Material for this exercise ::
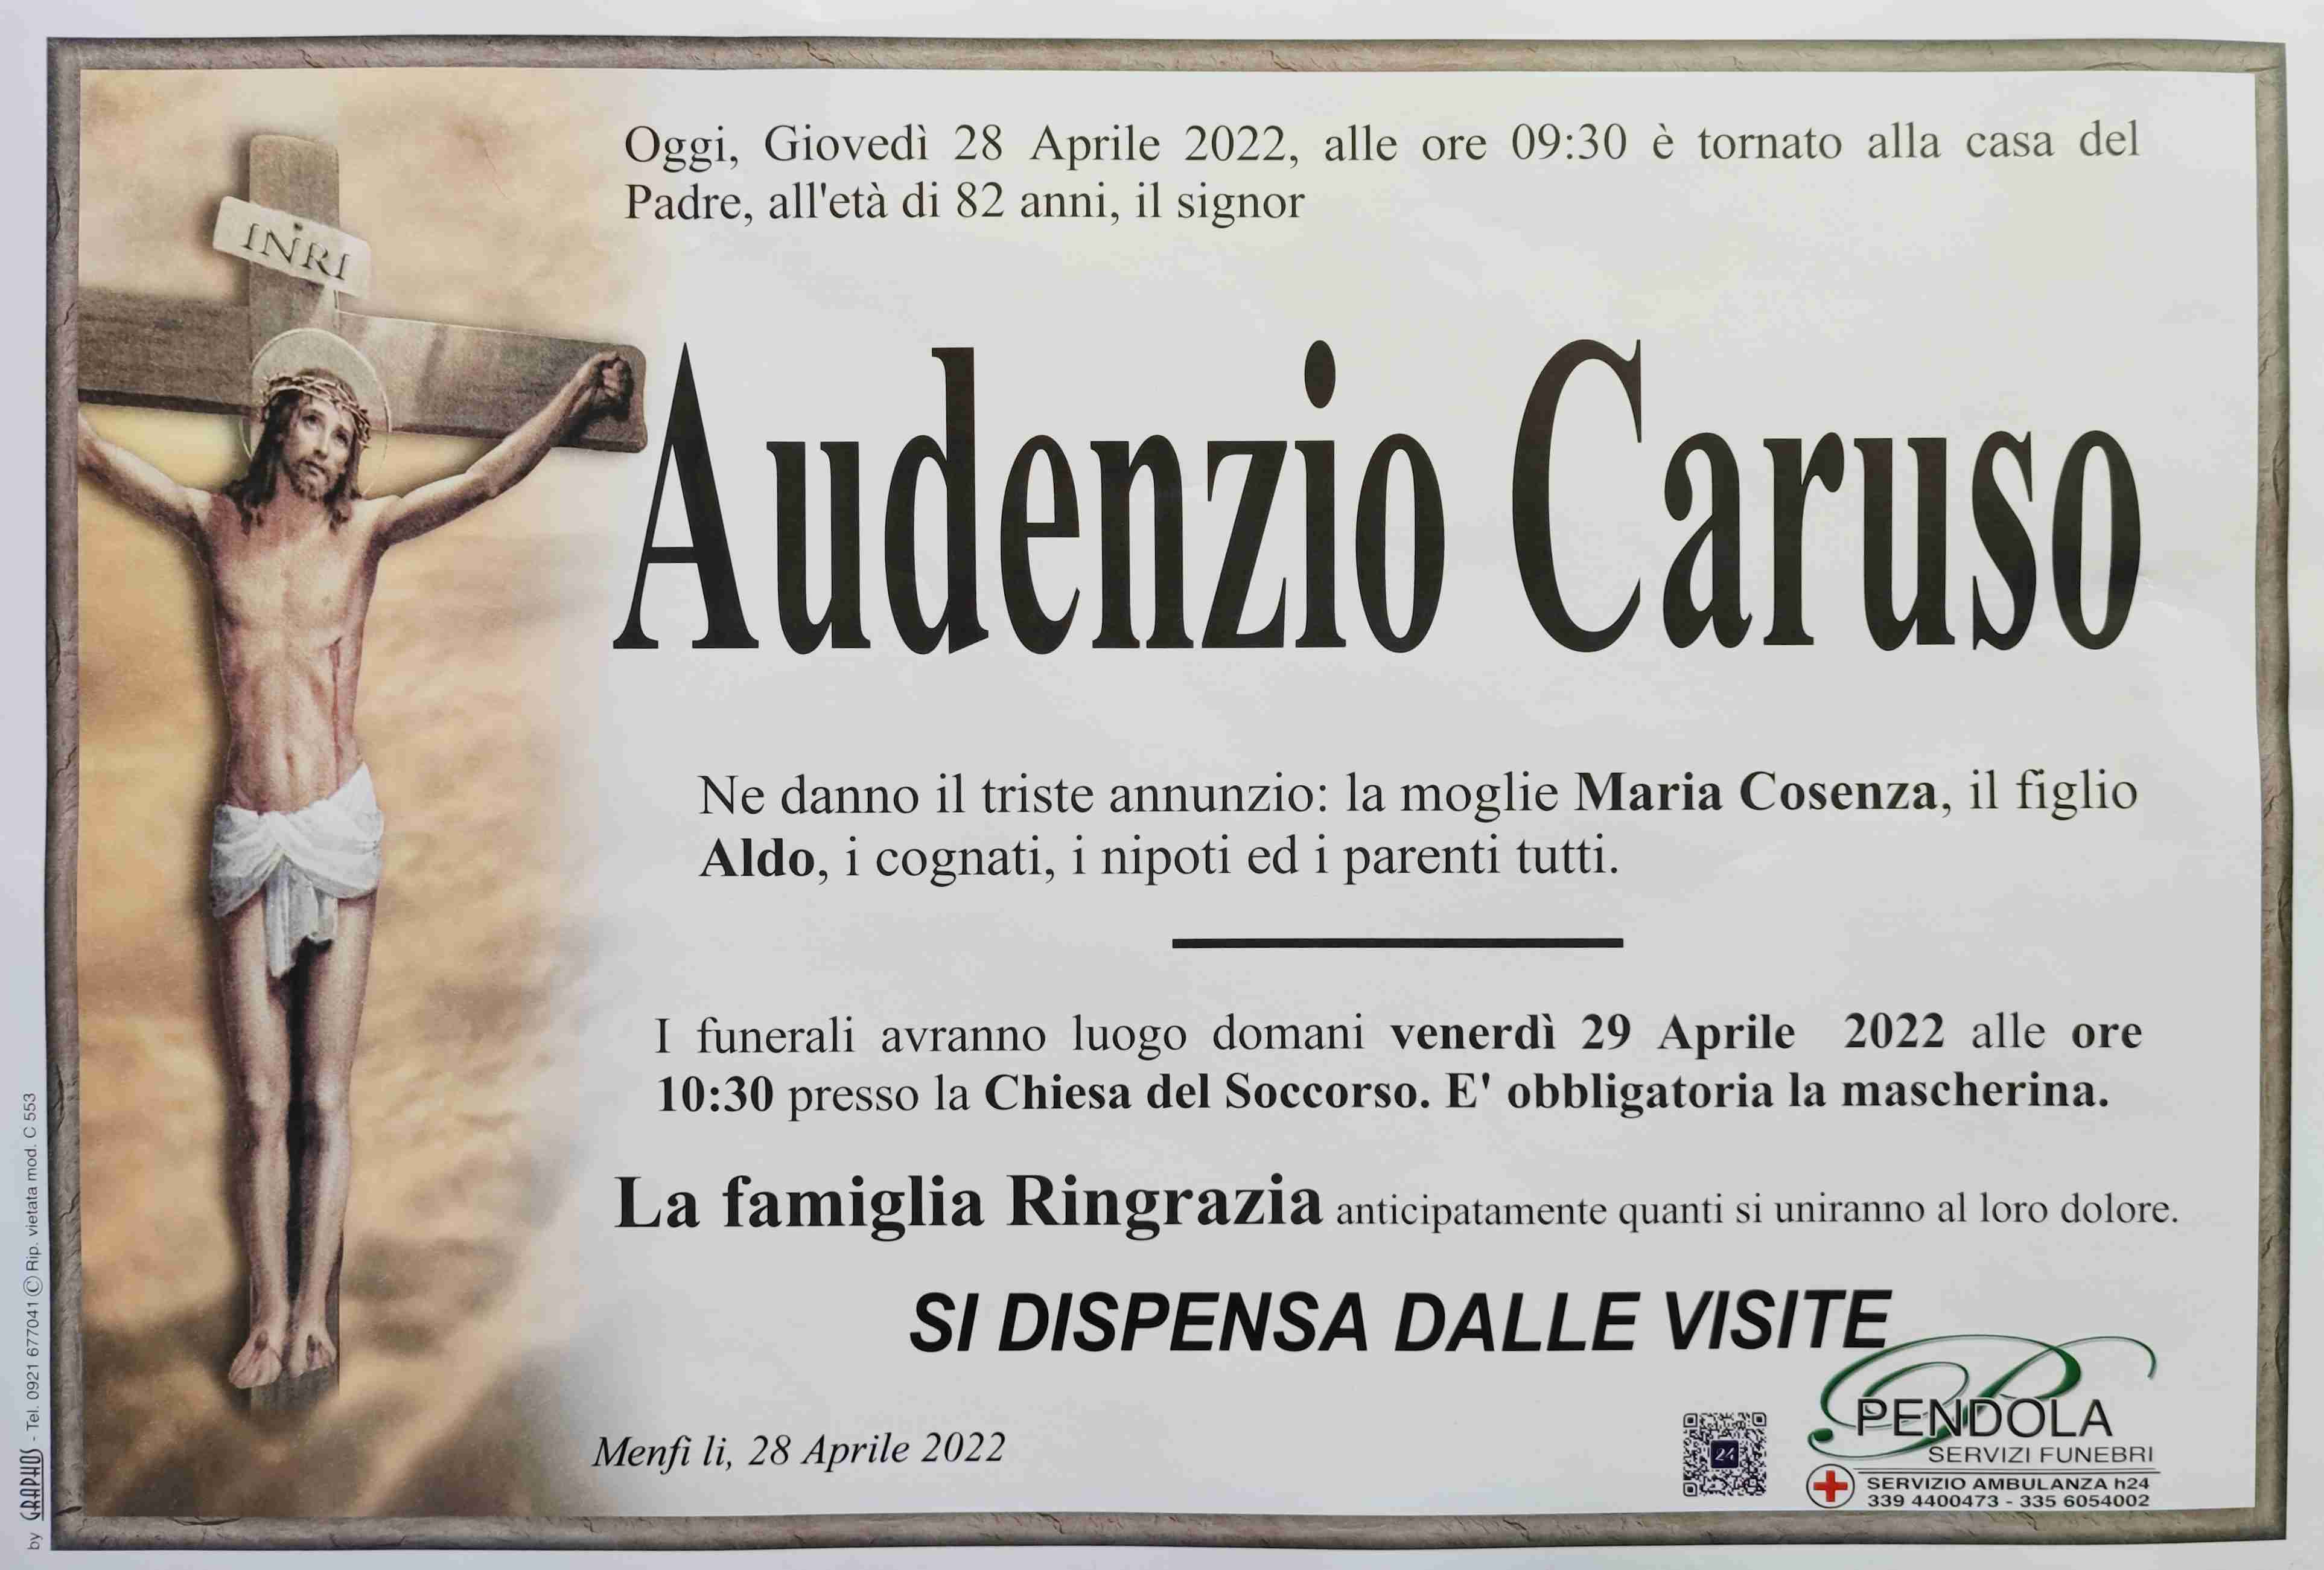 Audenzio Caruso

* * *

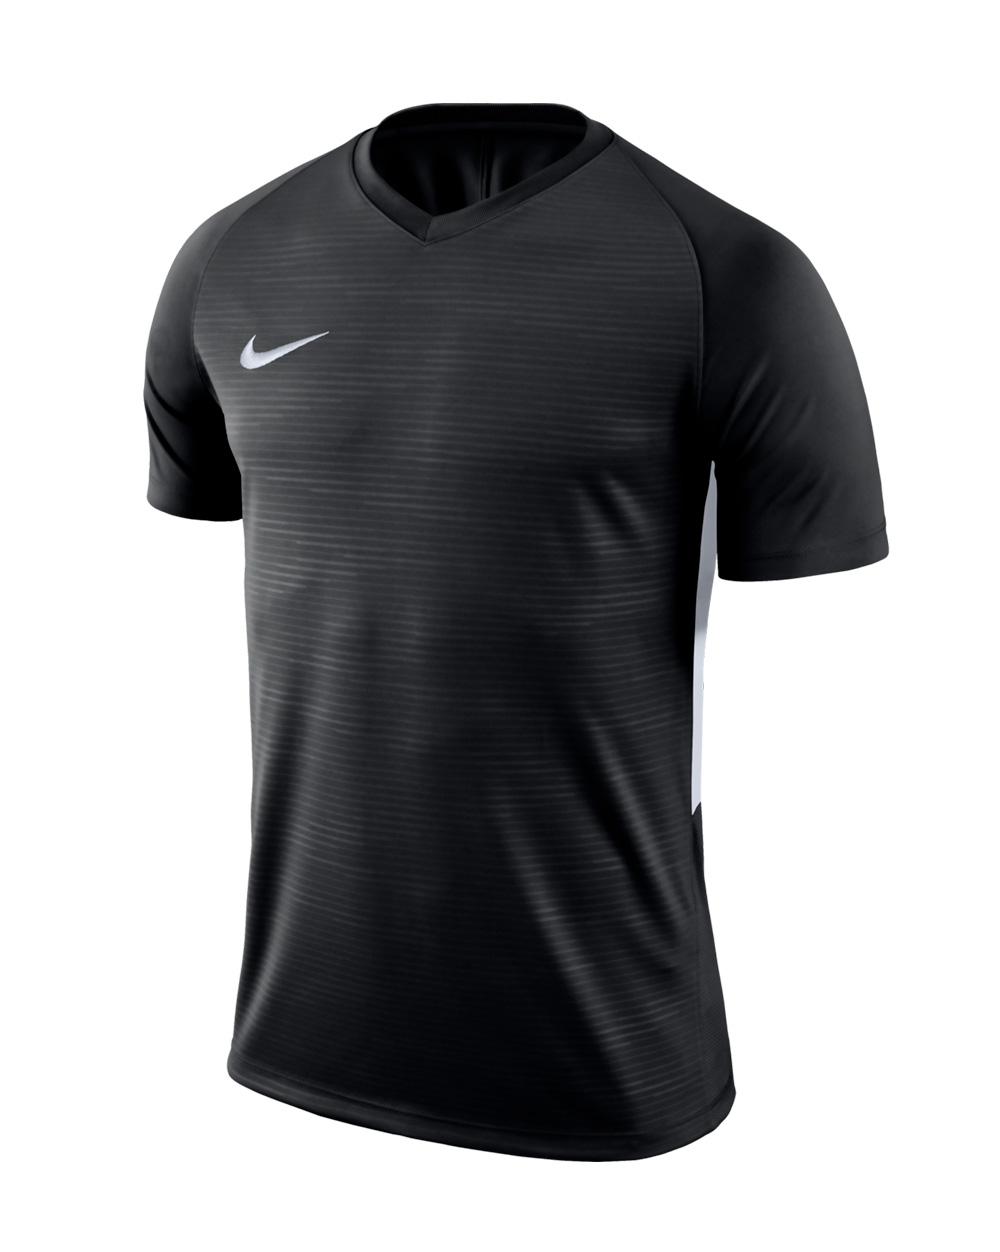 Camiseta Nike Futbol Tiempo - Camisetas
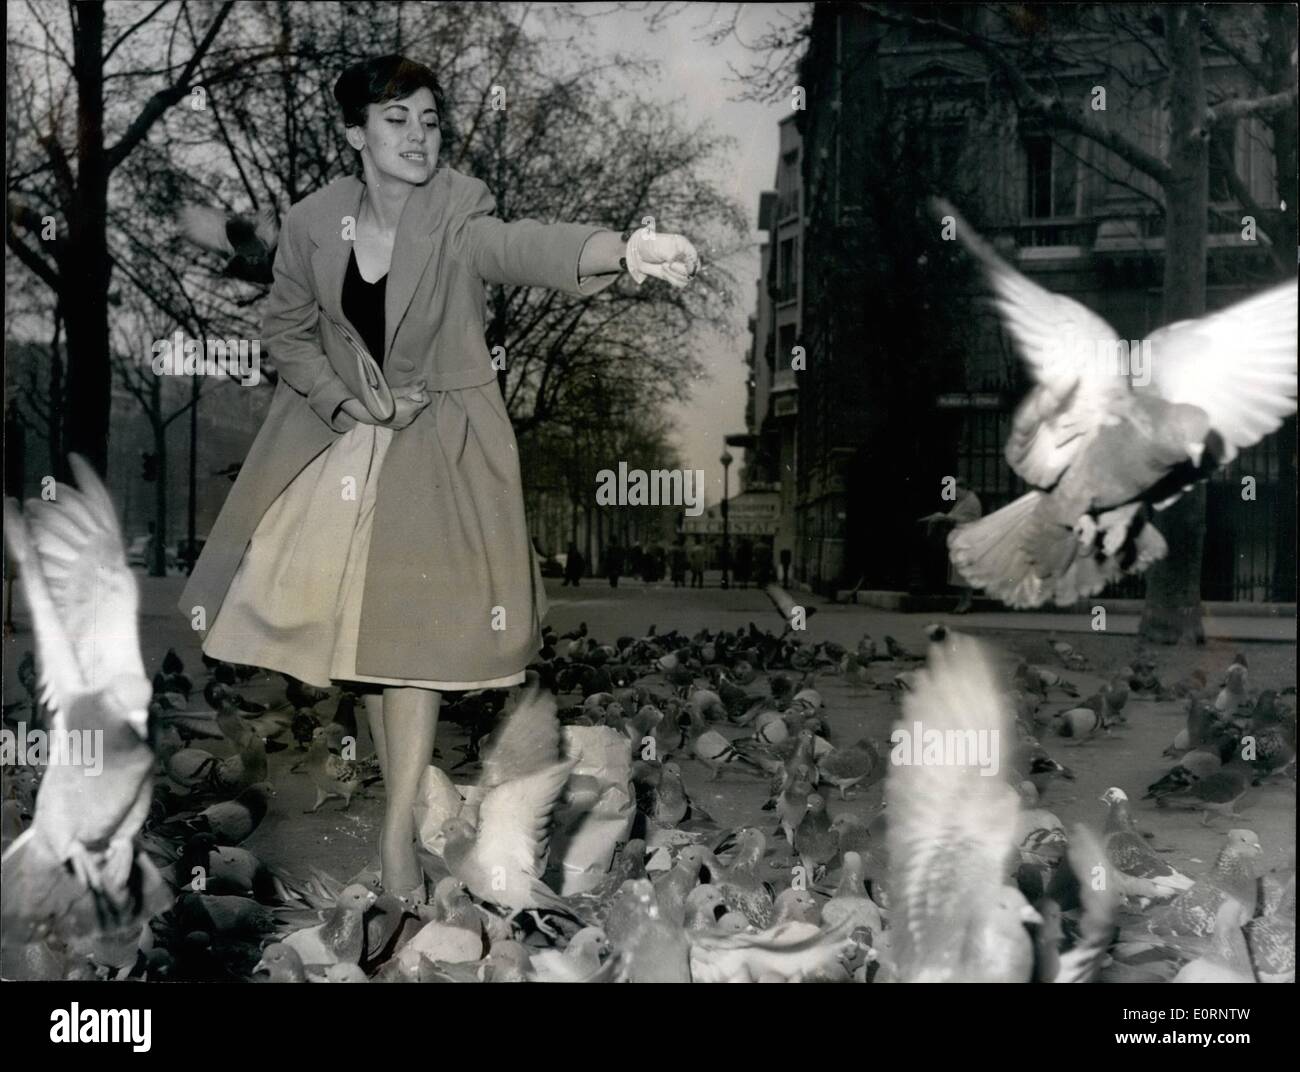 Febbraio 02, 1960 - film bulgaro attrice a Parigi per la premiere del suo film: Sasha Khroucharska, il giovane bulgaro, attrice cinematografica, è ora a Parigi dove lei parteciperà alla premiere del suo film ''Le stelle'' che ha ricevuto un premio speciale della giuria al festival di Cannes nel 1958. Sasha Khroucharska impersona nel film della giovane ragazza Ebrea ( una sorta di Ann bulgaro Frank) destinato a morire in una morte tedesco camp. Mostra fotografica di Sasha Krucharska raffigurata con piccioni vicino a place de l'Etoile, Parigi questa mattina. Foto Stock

Exercise aim :: From the line holding "Camiseta Nike Futbol Tiempo - Camisetas" to the line holding "Febbraio 02, 1960", both included, retype the entries above exactly and drop the pictures.

Exercise answer ::
 Camiseta Nike Futbol Tiempo - Camisetas
 Febbraio 02, 1960 - film bulgaro attrice a Parigi per la premiere del suo film: Sasha Khroucharska, il giovane bulgaro, attrice cinematografica, è ora a Parigi dove lei parteciperà alla premiere del suo film ''Le stelle'' che ha ricevuto un premio speciale della giuria al festival di Cannes nel 1958. Sasha Khroucharska impersona nel film della giovane ragazza Ebrea ( una sorta di Ann bulgaro Frank) destinato a morire in una morte tedesco camp. Mostra fotografica di Sasha Krucharska raffigurata con piccioni vicino a place de l'Etoile, Parigi questa mattina. Foto Stock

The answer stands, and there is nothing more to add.